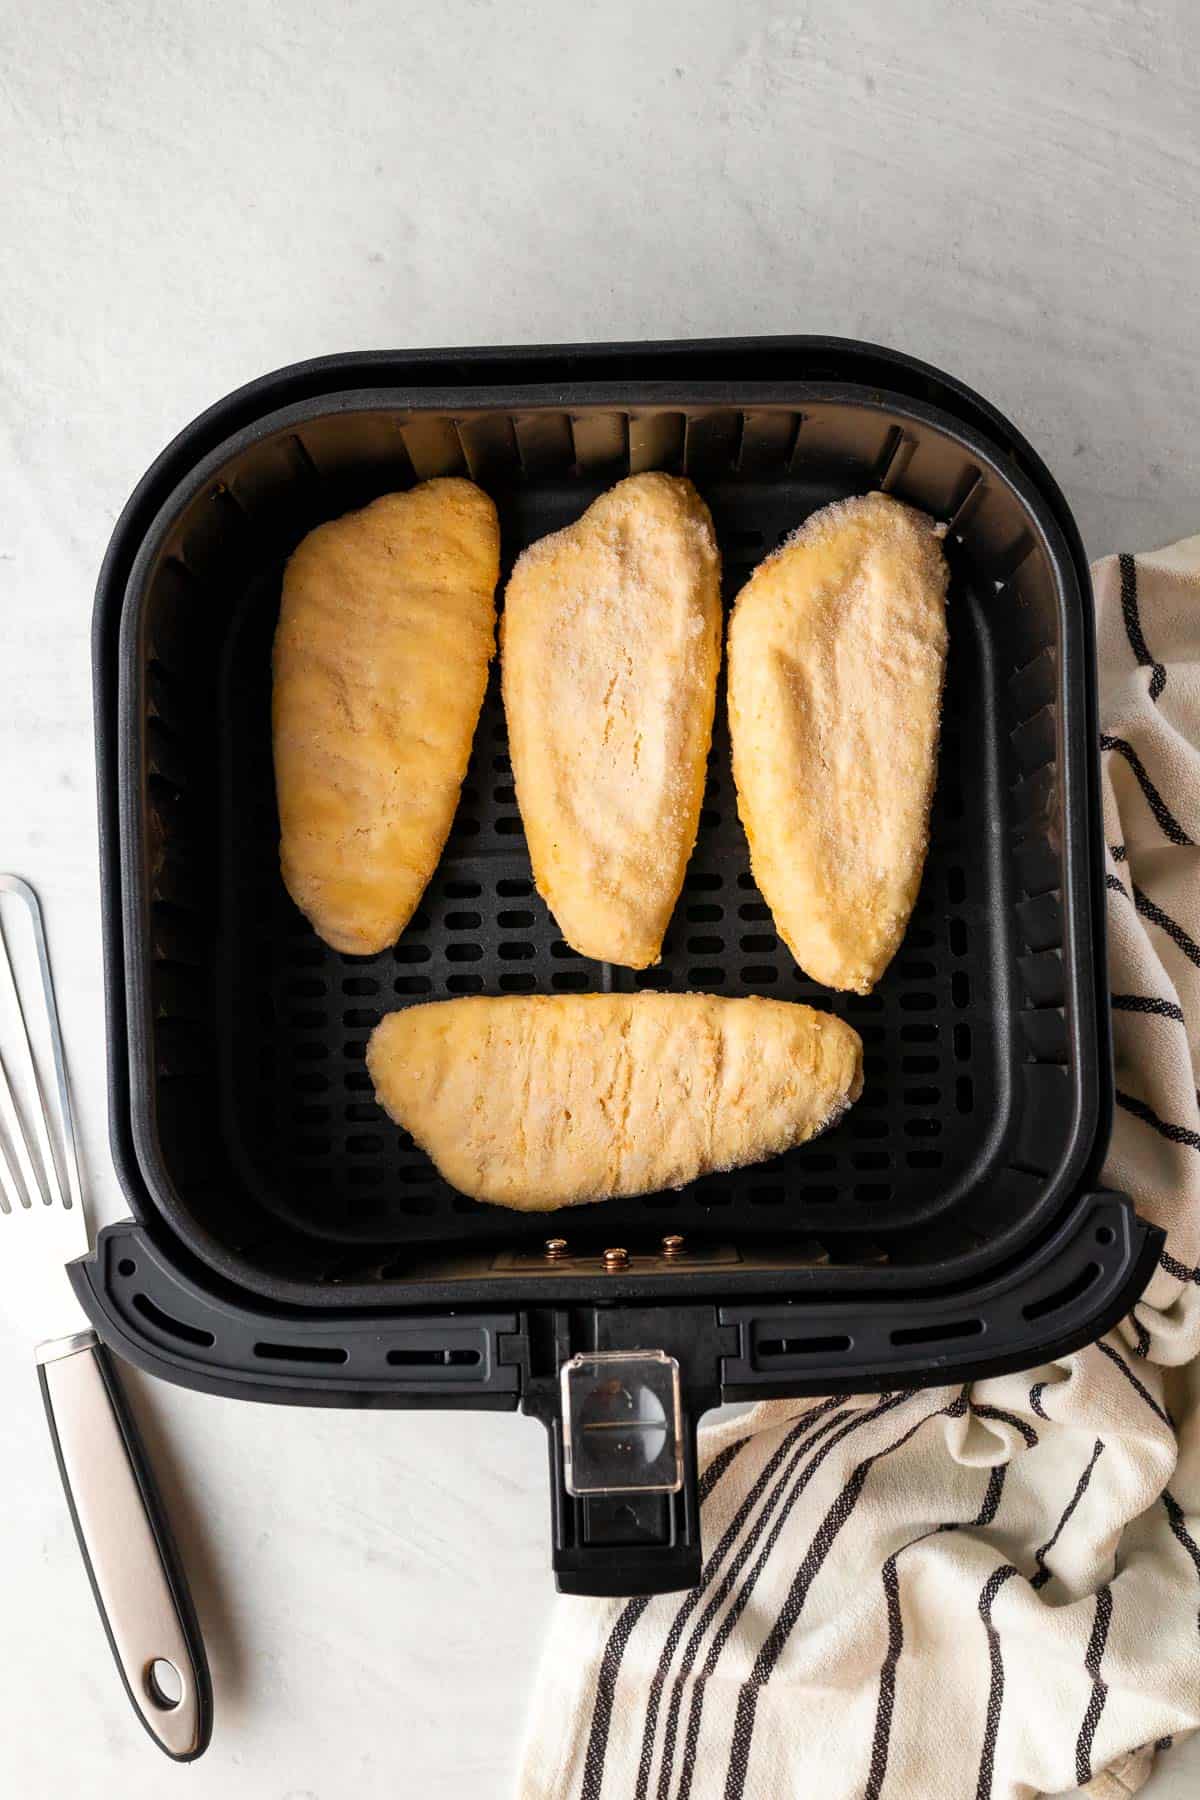 How To Cook Frozen Fish Fillet In Air Fryer | Storables
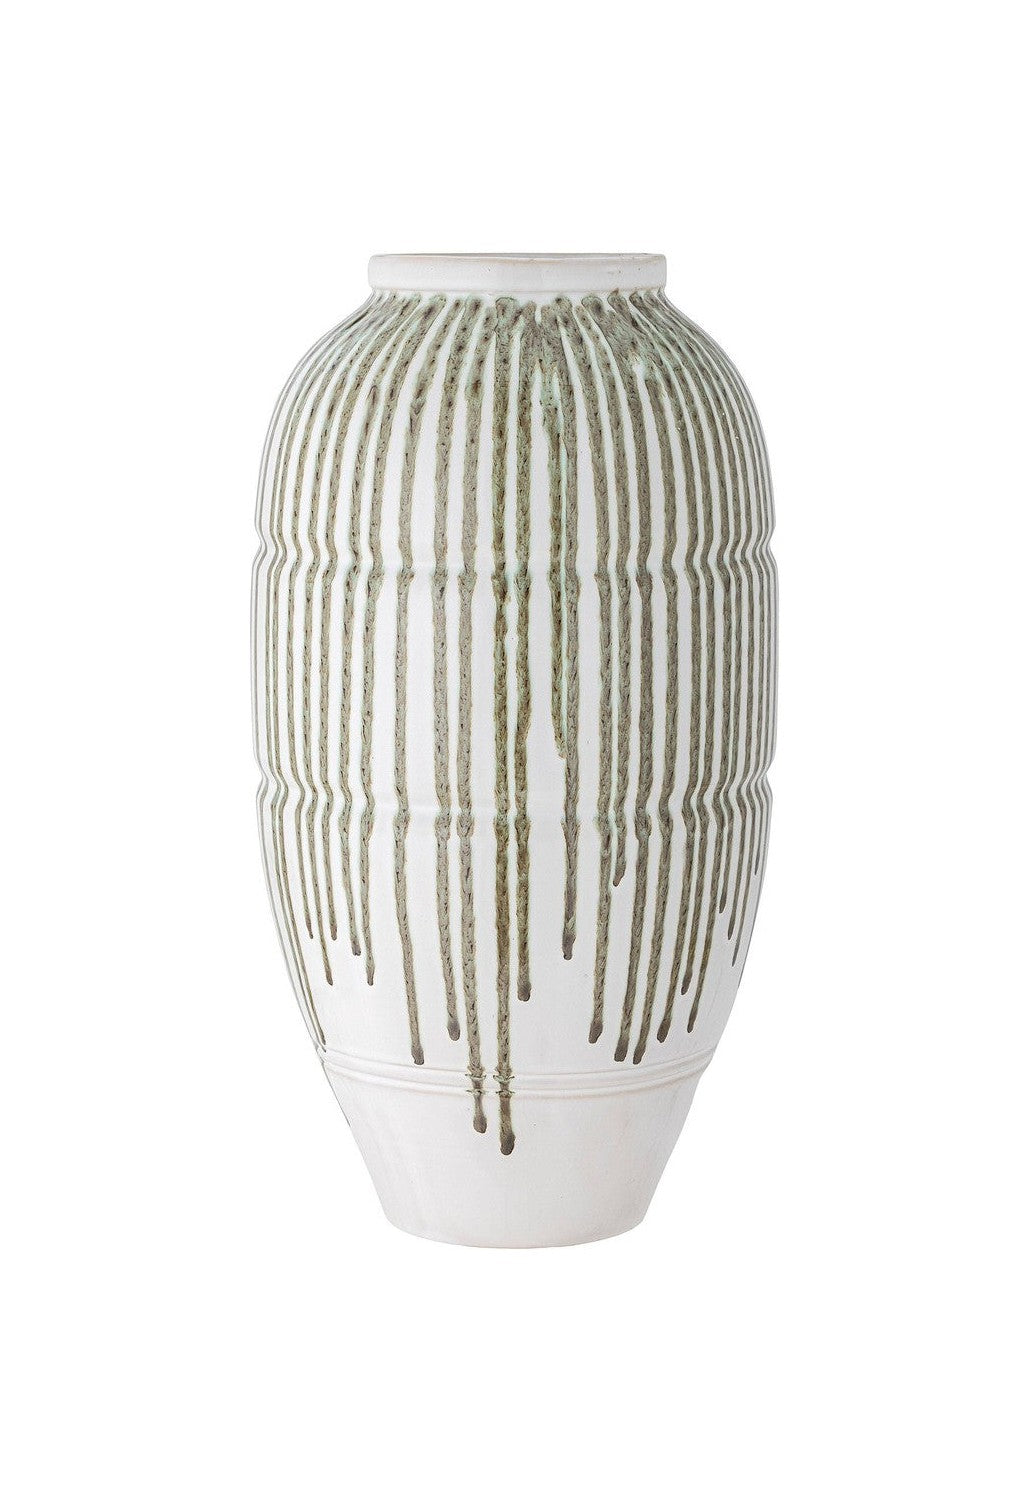 Creative Collection Scarlet Vase, Green, Stoneware
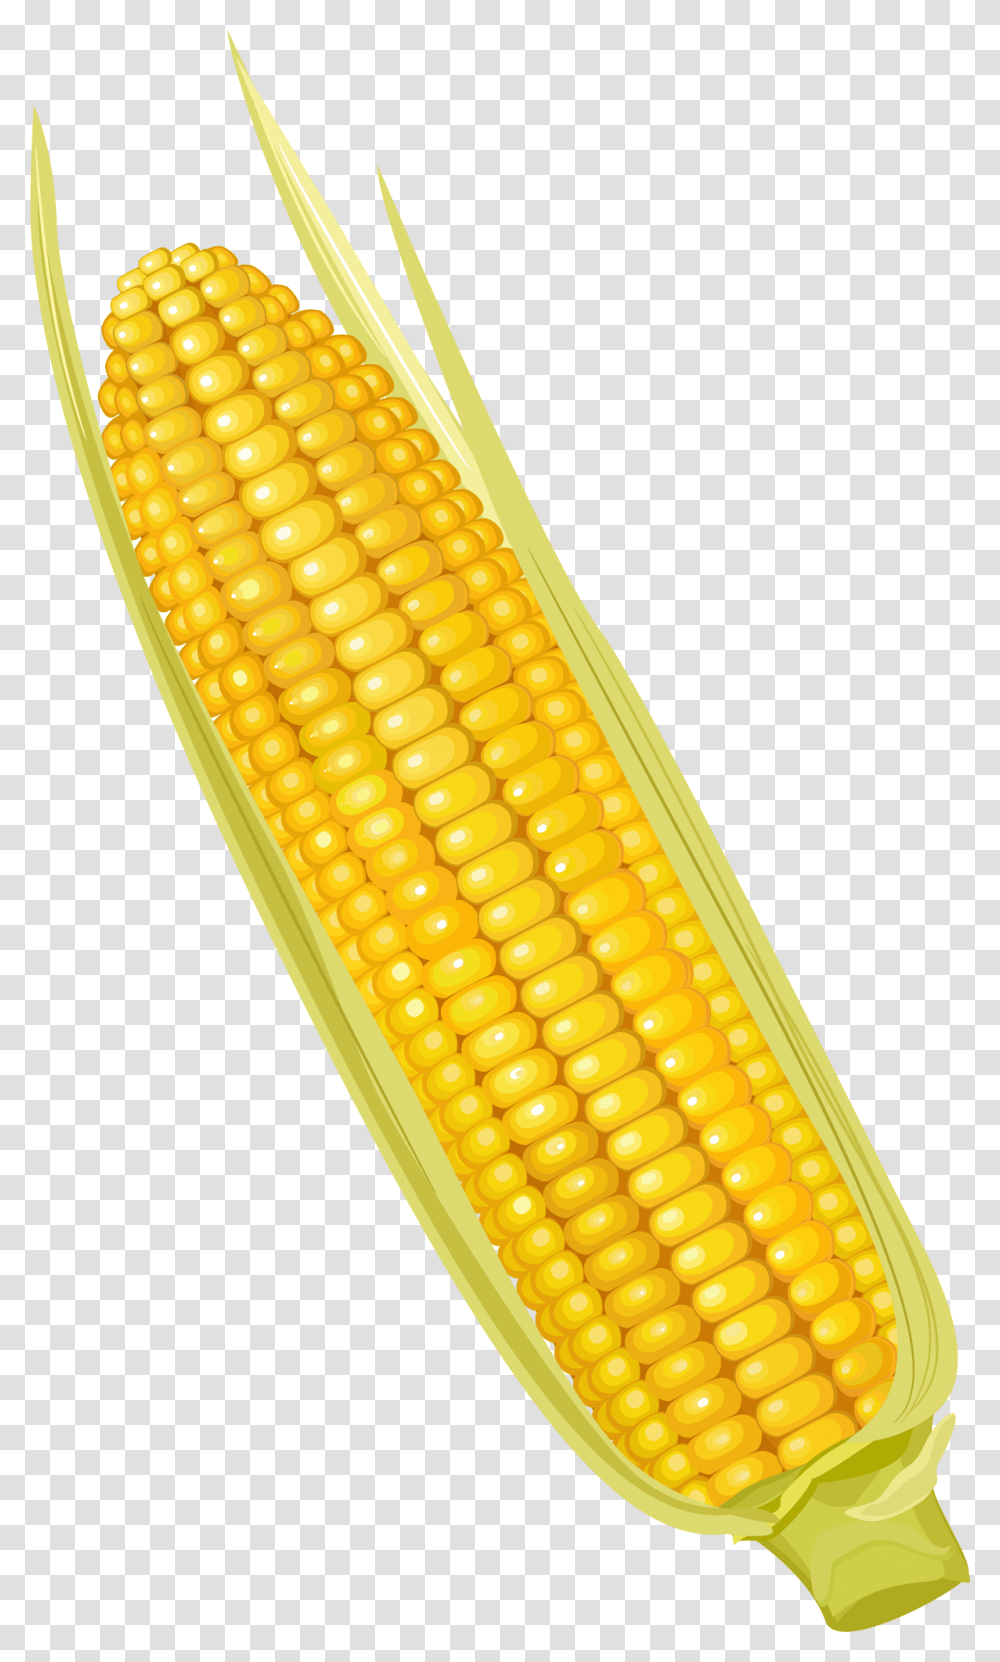 Corn On The Cob Maize Corncob Vegetable Yellow Corn Clipart, Plant, Food Transparent Png
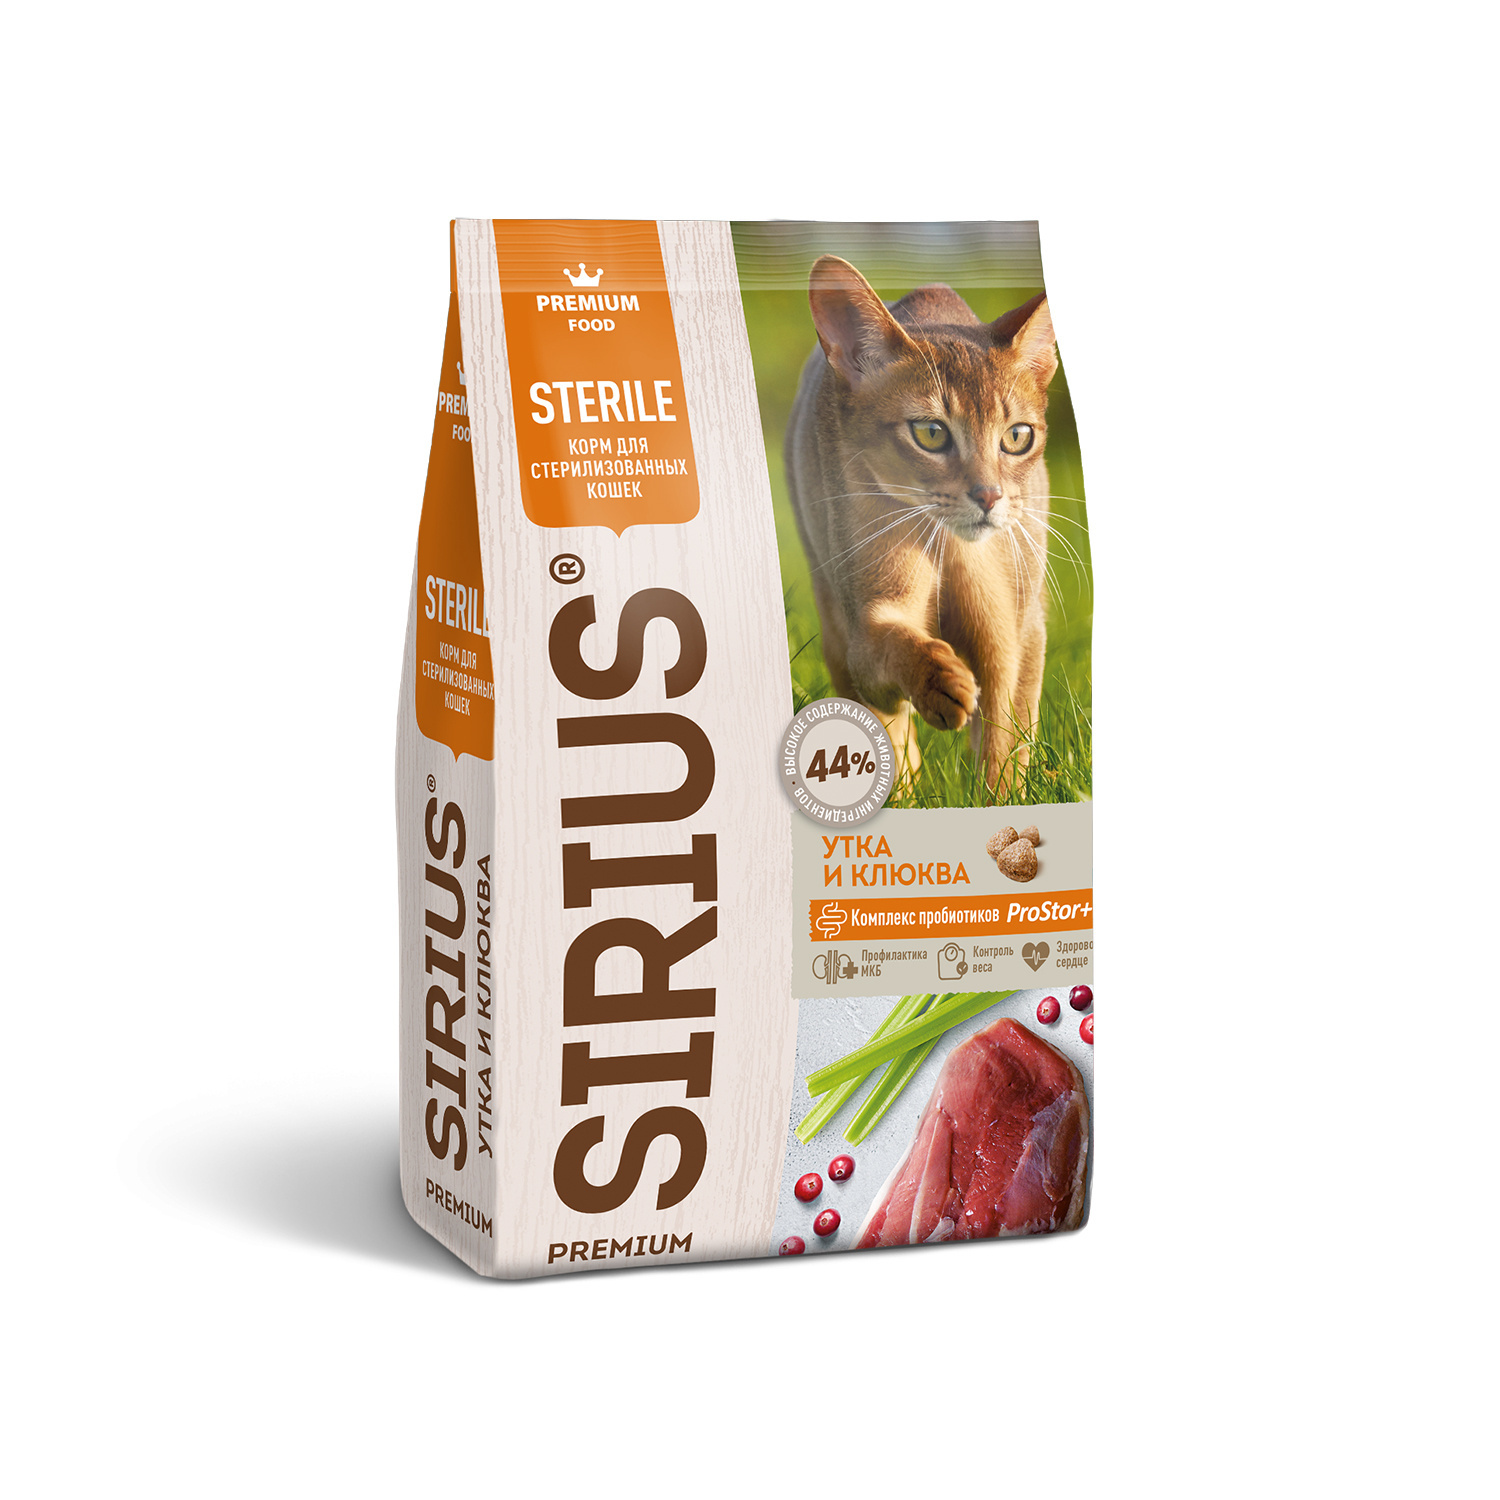 Sirius Sirius сухой корм для стерилизованных кошек, утка и клюква (10 кг) sirius sirius сухой корм для стерилизованных кошек утка и клюква 10 кг

* * * * *

▶ [Assigned task]: Once more, please print all the lines above exactly, without their pictures.

▶ [Answer to the exercise]:
 How To Cook Frozen Fish Fillet In Air Fryer | Storables
 Creative Collection Scarlet Vase, Green, Stoneware
 Corn On The Cob Maize Corncob Vegetable Yellow Corn Clipart, Plant, Food Transparent Png
 Sirius Sirius сухой корм для стерилизованных кошек, утка и клюква (10 кг) sirius sirius сухой корм для стерилизованных кошек утка и клюква 10 кг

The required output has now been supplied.